• Instructions to follow
From the first line of the listing below through the line with "Psychedelic optical illusion", transcribe exactly and skip the pictures.

• Dataset section
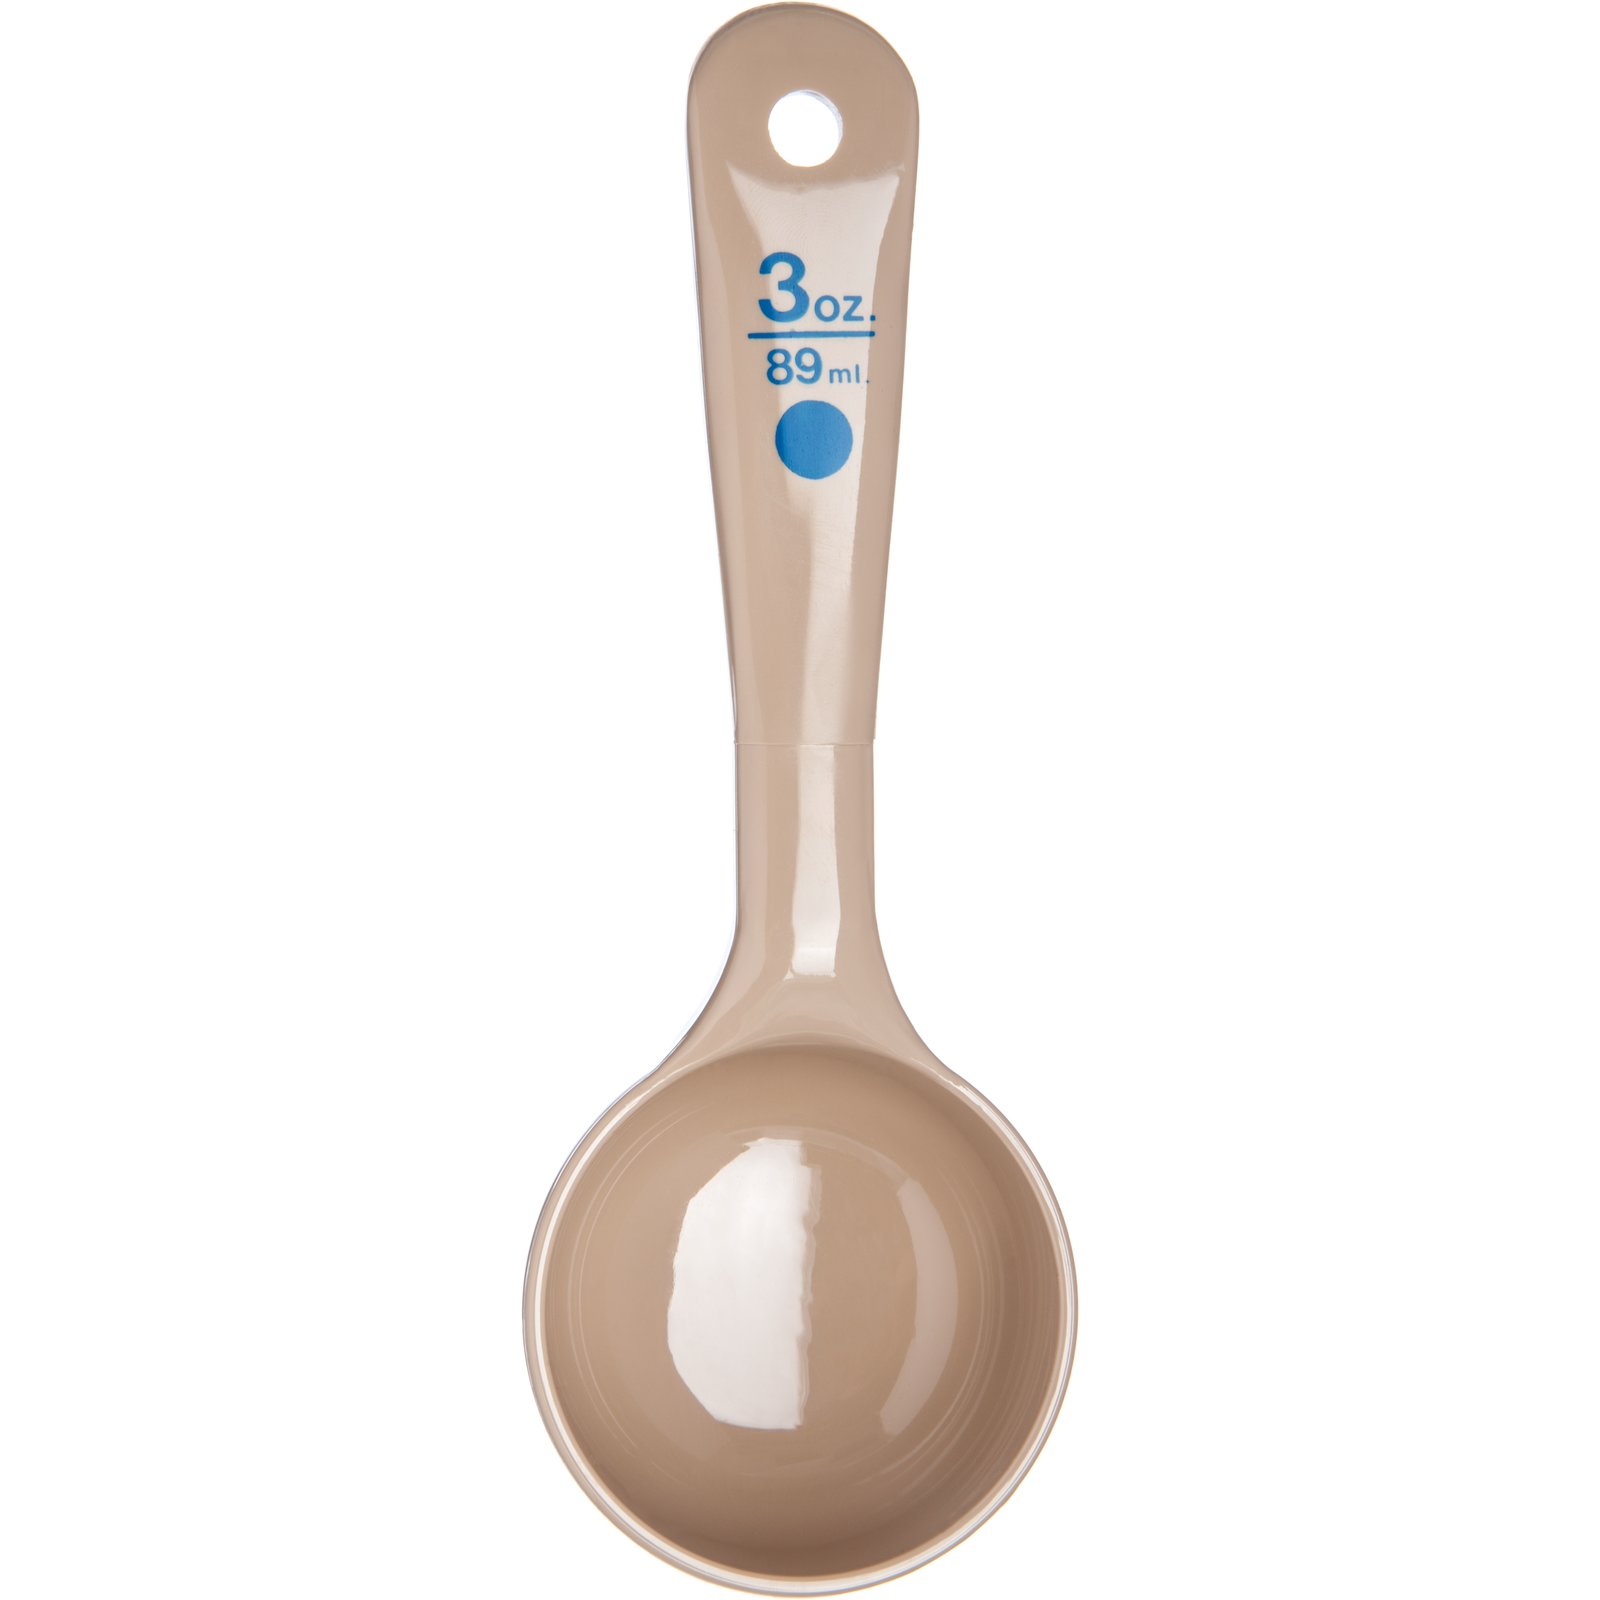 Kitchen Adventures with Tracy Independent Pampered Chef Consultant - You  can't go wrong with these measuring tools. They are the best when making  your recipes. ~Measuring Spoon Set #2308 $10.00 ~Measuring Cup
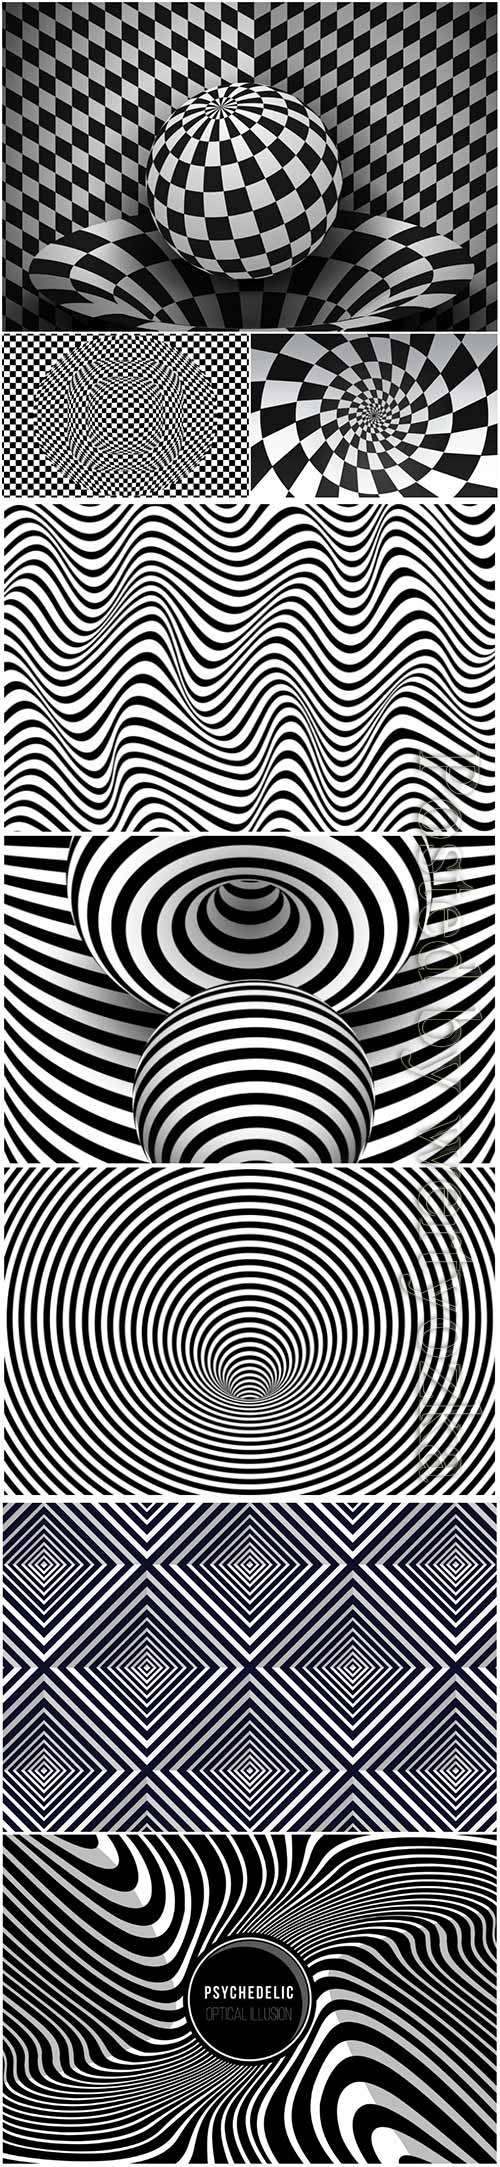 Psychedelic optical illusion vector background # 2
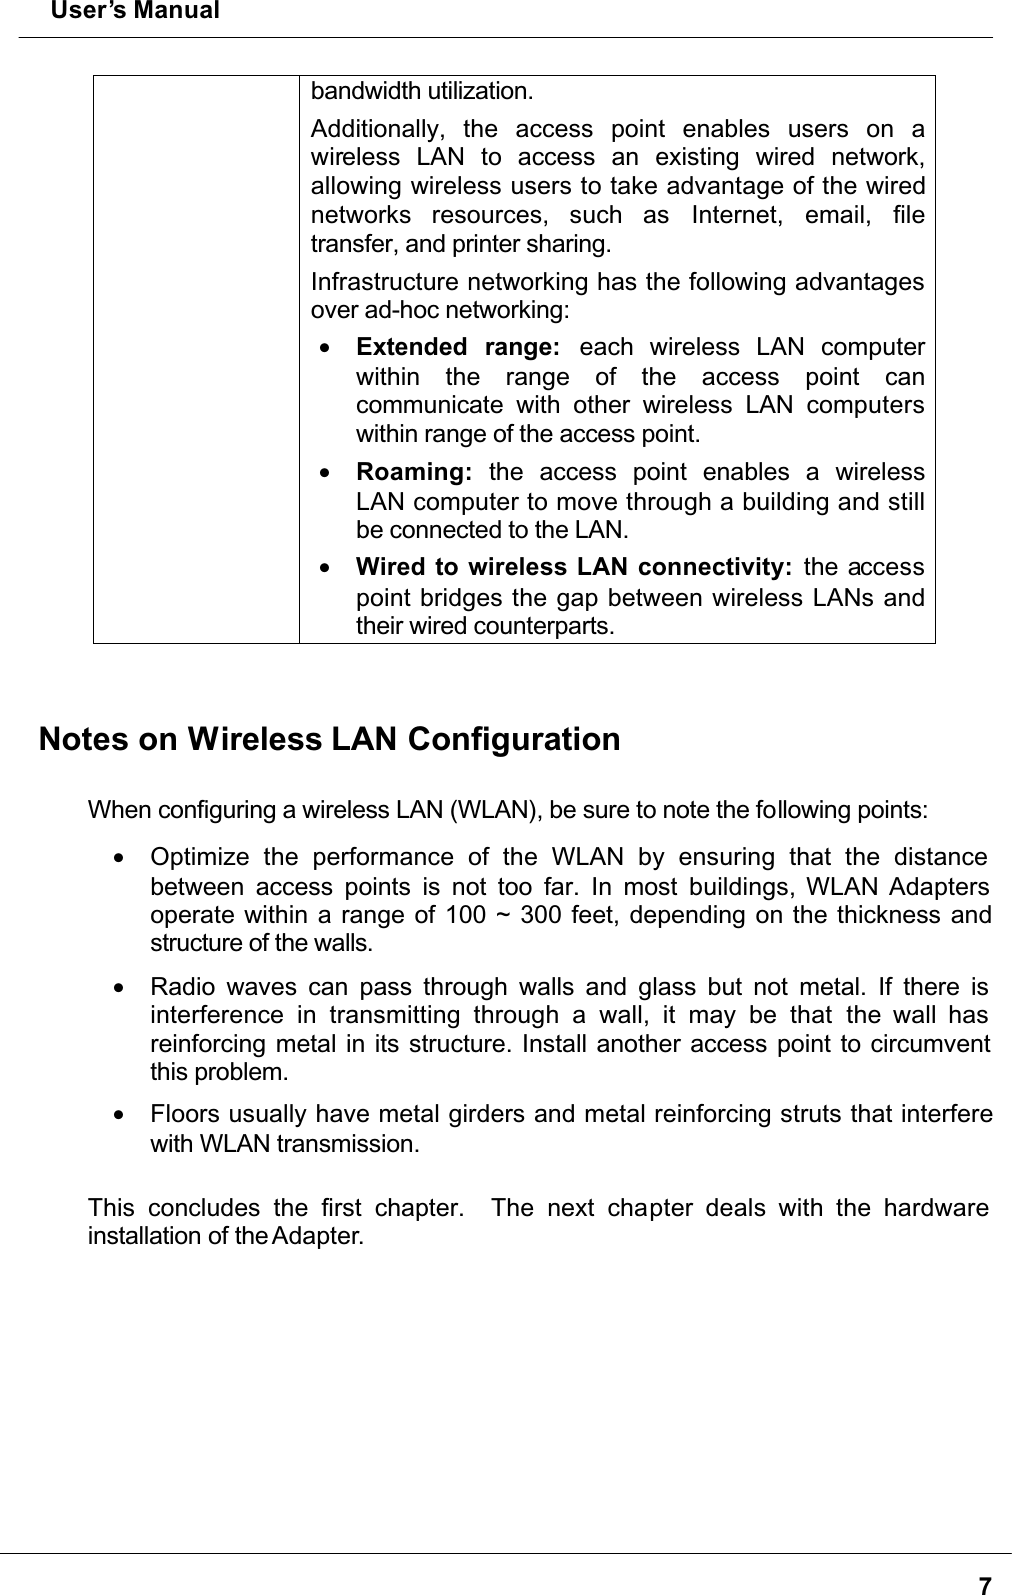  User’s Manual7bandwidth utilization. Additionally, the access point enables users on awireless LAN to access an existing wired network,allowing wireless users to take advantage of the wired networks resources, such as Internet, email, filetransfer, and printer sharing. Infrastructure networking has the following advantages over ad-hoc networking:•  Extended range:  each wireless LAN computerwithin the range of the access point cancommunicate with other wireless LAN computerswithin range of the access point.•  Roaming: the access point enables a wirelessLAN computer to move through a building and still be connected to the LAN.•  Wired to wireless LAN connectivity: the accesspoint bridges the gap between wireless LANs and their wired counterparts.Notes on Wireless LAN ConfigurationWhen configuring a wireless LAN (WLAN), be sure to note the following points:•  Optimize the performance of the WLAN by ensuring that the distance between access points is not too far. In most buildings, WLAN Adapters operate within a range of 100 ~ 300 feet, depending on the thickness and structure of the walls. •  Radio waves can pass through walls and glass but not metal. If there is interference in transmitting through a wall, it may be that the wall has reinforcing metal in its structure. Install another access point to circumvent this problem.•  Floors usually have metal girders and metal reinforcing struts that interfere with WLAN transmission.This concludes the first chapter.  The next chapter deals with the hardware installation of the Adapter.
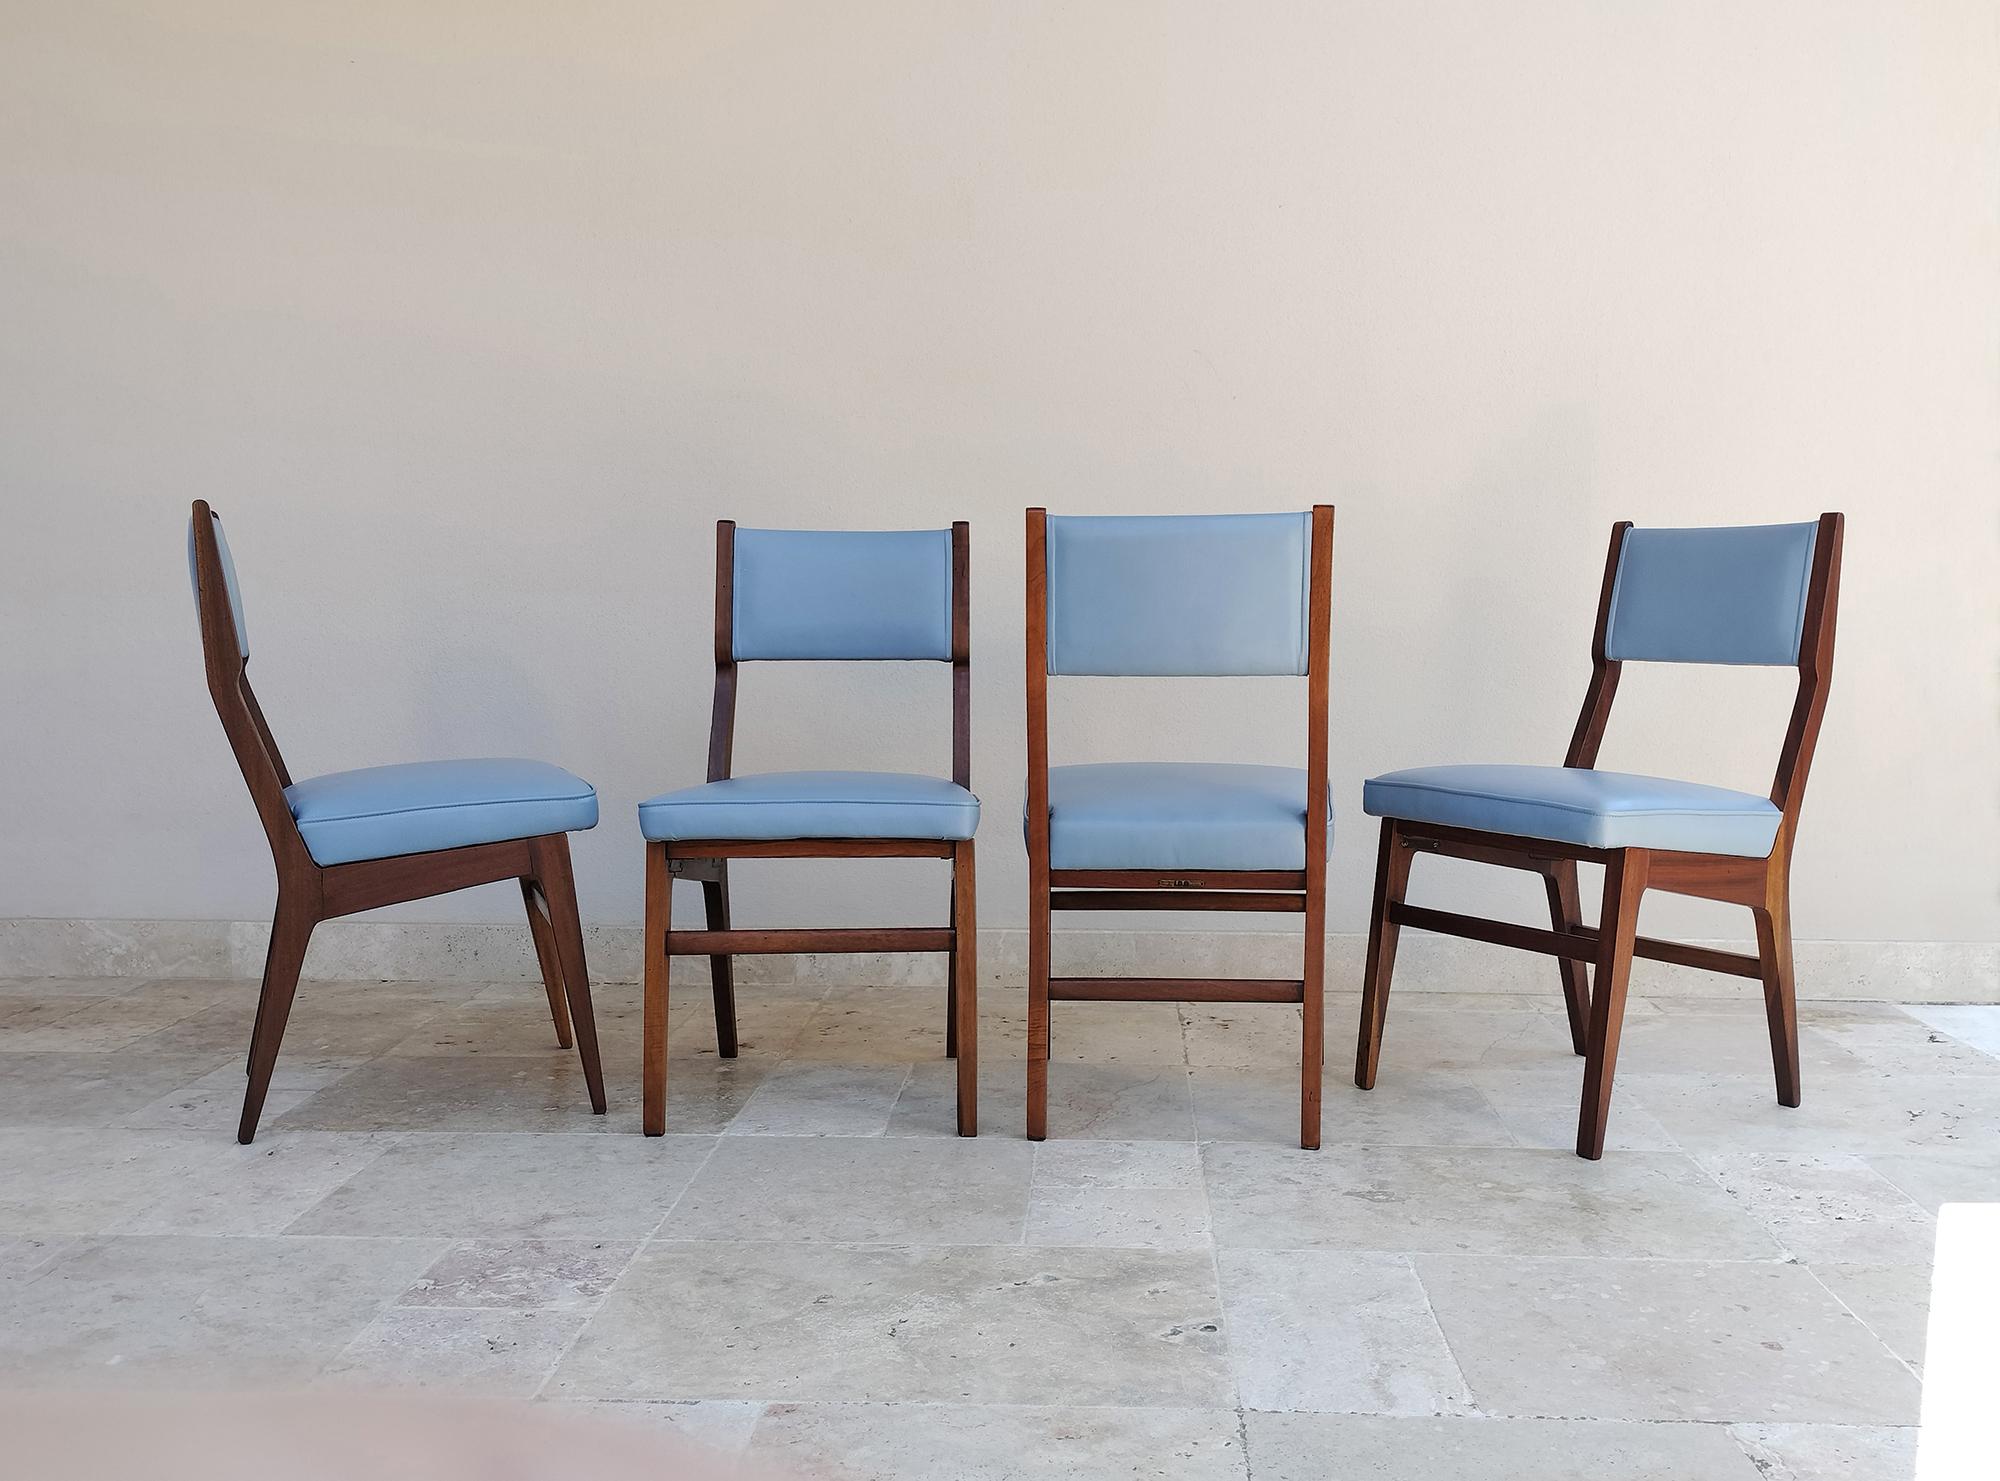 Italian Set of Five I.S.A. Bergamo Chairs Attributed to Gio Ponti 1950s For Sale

• Exercise response
 Kitchen Adventures with Tracy Independent Pampered Chef Consultant - You  can't go wrong with these measuring tools. They are the best when making  your recipes. ~Measuring Spoon Set #2308 $10.00 ~Measuring Cup
 Psychedelic optical illusion vector background # 2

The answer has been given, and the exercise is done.